公道を走るバイク。
どこか焦げ付いたような、腐ったような臭いのする町を、一台のバイクが走り抜ける。
アスファルトに転がったゴミや、誰かの衣服や、固まった血。
ふらりと道路に歩み出た人影に、ゴーグルをつけた『彼』は躊躇無く改造ショットガンを発砲した。
はじけ飛ぶ上半身。
それでもなお歩いてこちらに移動しようとする相手を、彼は……
多喜 勇生はバイクで撥ねて通り過ぎた。
死体が動き出すという謎の病気Zニャイルスが世界のどこかでパンデミックを起こしてから半年。
アメリカ中国ドイツロシアグリーンランドと世界各国が同様のパンデミックに呑まれ、世界人口は数えることすらできないほどに減少した。
情報ネットワークは崩壊し、産業は崩壊し、残っているのは無人発電所から供給され続ける電力くらいなものである。
「今は亡きインフラおじさんたちに感謝だな」
勇生はバイクをとめると、ゴーグルを額へ上げた。
見上げる看板は、ホームセンター。
バリケードだらけ、セキュリティだらけ、軽く要塞と化したここは。
滅んだ世界に見つけた、彼の第二のホームである。
世界人口の多くが『歩く死体』となった今。
寝子島も例外なく滅びの波にさらされていたが……。
本土と離れている上に案外なんでもあった寝子島は絶望的終末ムードに呑まれること無く、案外陽気に日々が続いていた。
世界が滅ぼうが来期のアニメ放送が無くなろうが人が生きているからには、生活をせねばならぬ。

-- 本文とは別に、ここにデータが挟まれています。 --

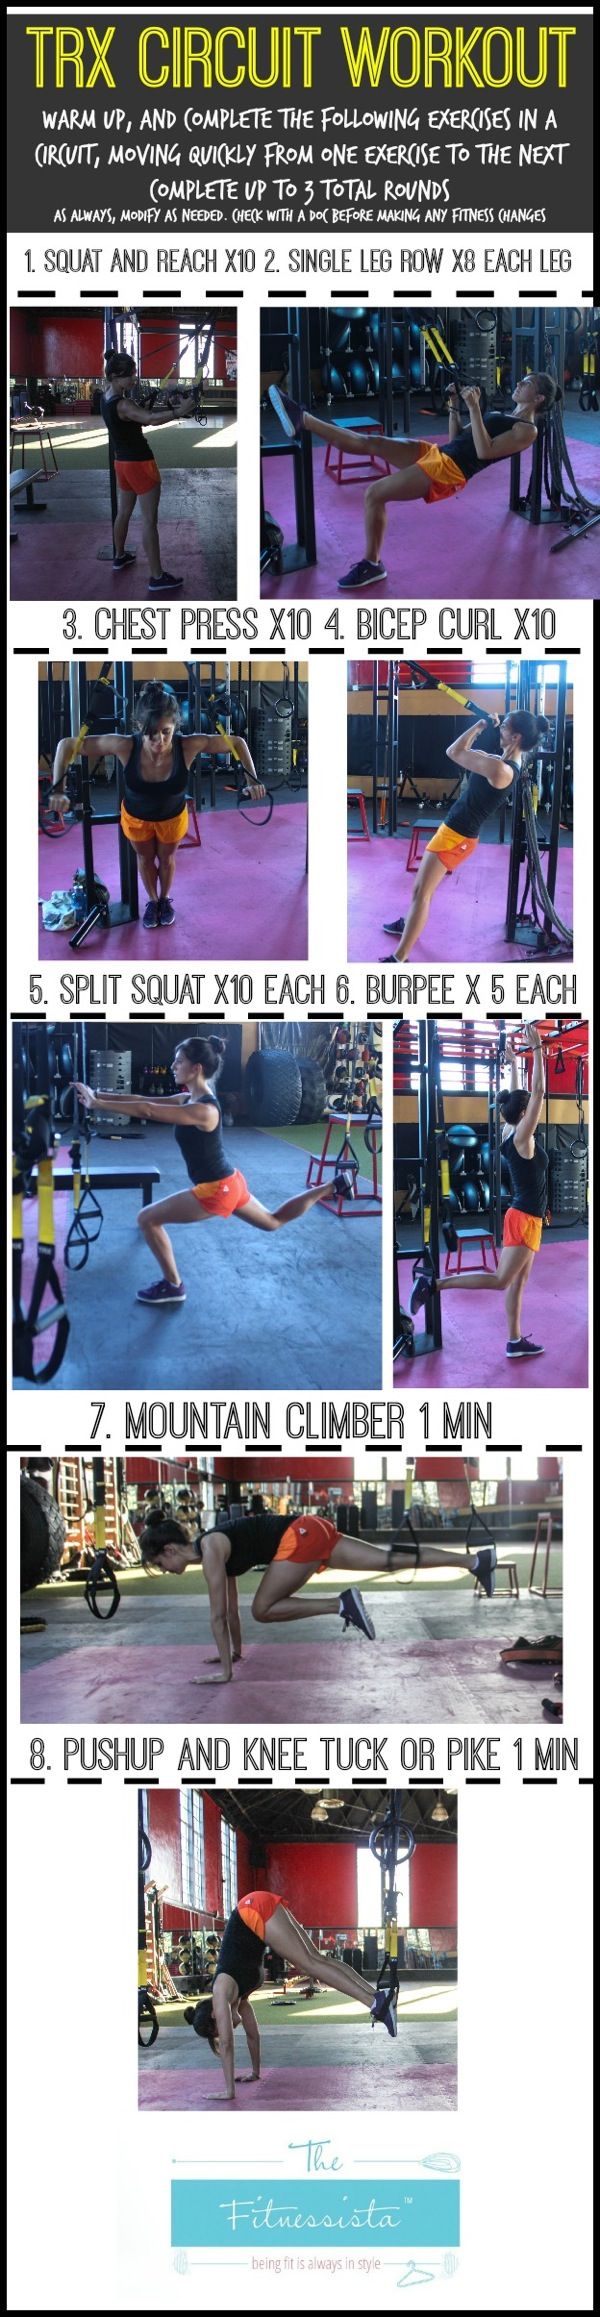 complete guide to trx suspension training
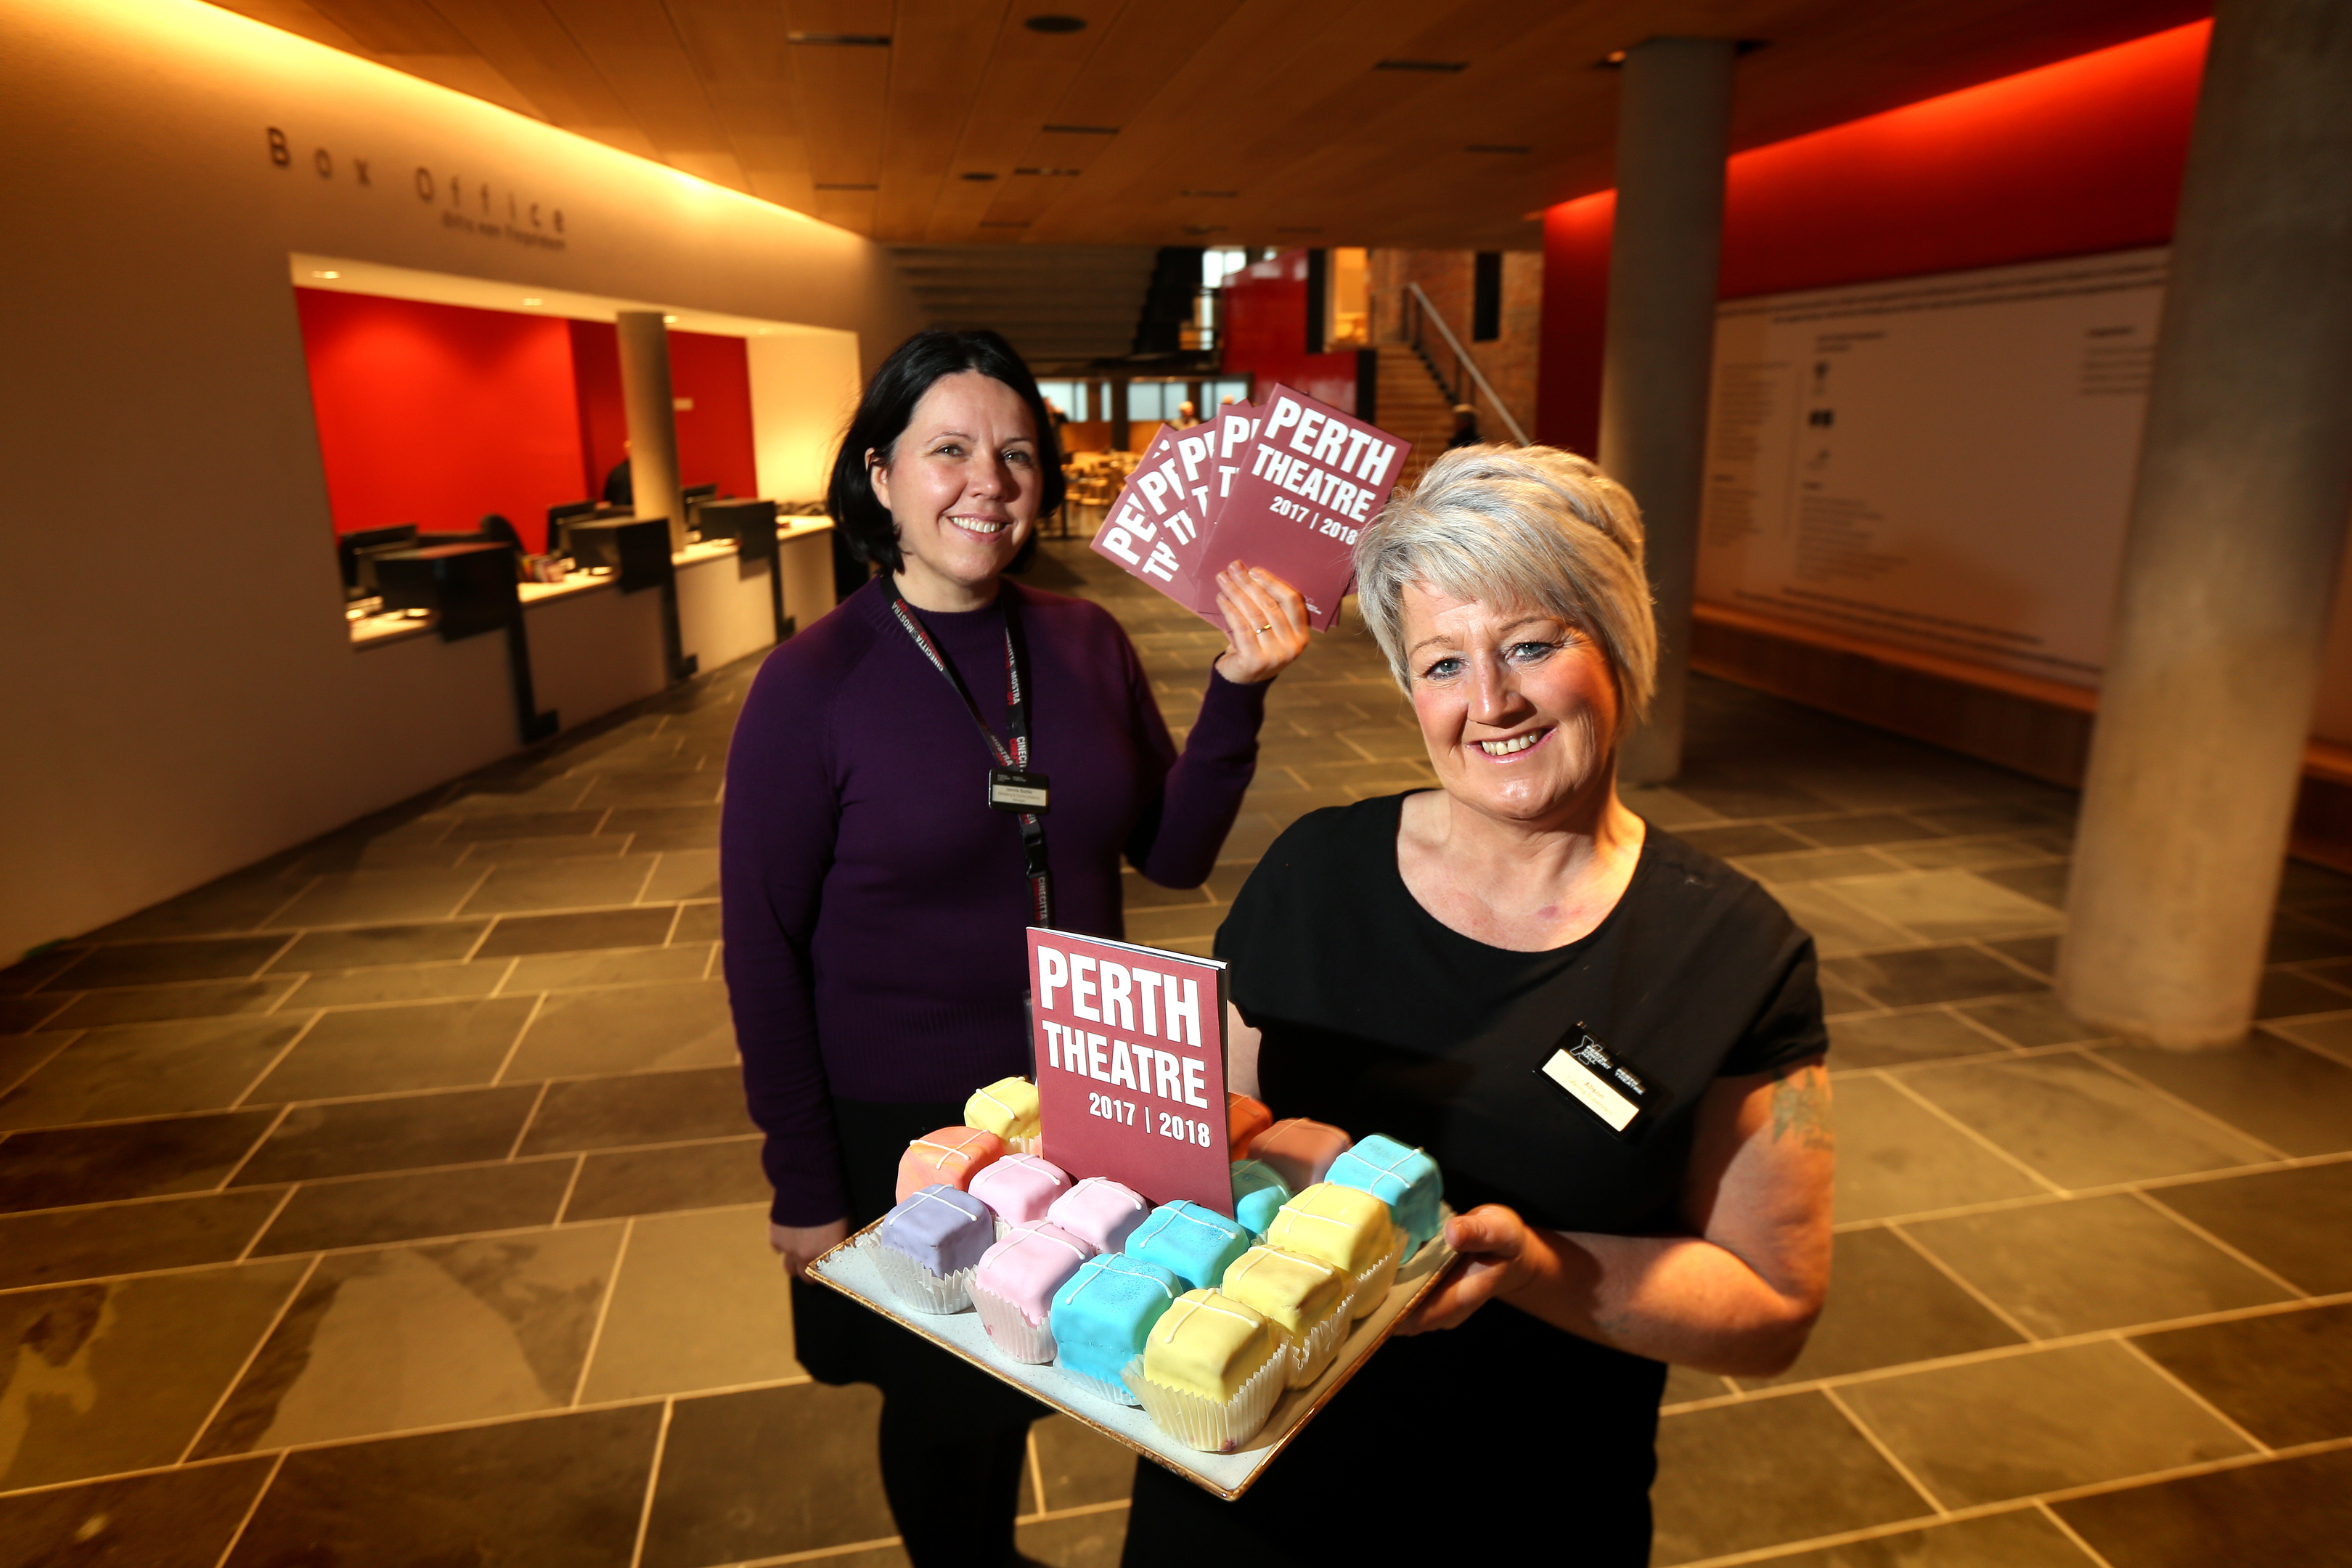 Jennie Baiilie - Marketing Manager and Allison Gormley - Catering Supervisor celebrating Perth Theatre re-opening.

生活をするからには、楽しまねばならぬ。
寝子島に生きる人々は、終末世界で第二の人生をエンジョイするのだ。
――きげ――う――ご――よう――
ごきげんよう、寝子島のみなさん!
終末ラジオ放送です!
寝子島ショッピングモールラジオ放送ブースからお送りします!
世界がごっそりと崩壊してからもう一年が過ぎましたね。
寝子島の皆さんがそれに気づいて本土への橋を爆破処理で落としたこと、今では素晴らしい英断だと分かります。
なぜならあれほど絶望的な状況にある本土に比べて、ここ寝子島は平和そのもの。
自給自足で暮らす人や、時折船で本土に行っては物資を調達してくる人。こうしてラジオ放送をしたり本や絵をかいて発表したり……案外人類って、この規模でも楽しくやっていけるものですね!
さあ、今日はそんな皆さんの生活を振り返るお便りを募集します。
今あなたはどんな風に生活していますか?
自給自足? それとも本土でスリリングな毎日を?
フツウの壊れたこの世界で、あなたはどんな風に生きていますか?
==============================
※この世界はらっかみ時空と大きくずれたIF世界。
あるひ崩壊した人類文明の中で、それでも人生をエンジョイする皆さんの陽気な終末世界です。
この世界ではこんなことが起きています
・Zニャイルス感染者、通称『ゾンビ』が本土や海外にはあふれています。
彼らはバラッバラにしても動くうえ、生きている人を見つけるとヴァーと言って襲いかかってきます。
病原菌が肉体の中に生きているので、感染した上で死んでしまうとゾンビ化してしまいますが、死ななければセーフ。つまり噛まれただけではセーフなゾンビなのです。
・武器が案外沢山あります。寝子島の民がやったら器用だったので、凶悪な改造武器を作ったりエアガンや3Dプリンタや鍛冶技術をあわせて銃器を作ったりもしています。物資の都合から量産はできないみたいですが……。
・電気が通っています。ガスと水道がちょっとキツいですが、あちこちの井戸水が生きていたりIHクッキングヒーターがあったりで案外切迫していません。
・食料は沢山あります。元々備蓄が沢山されていたのもありますが、自給自足できる子らが沢山いたようです。
最後に、多喜 勇生(裏)さんご出演ありがとうございました。
終末世界のちょっとクレイジーな日常感が出せましたね。
勿論これは例のひとつですので、設定をそのまま利用して頂いても、まったく別のアクションをかけて頂いてもOKです。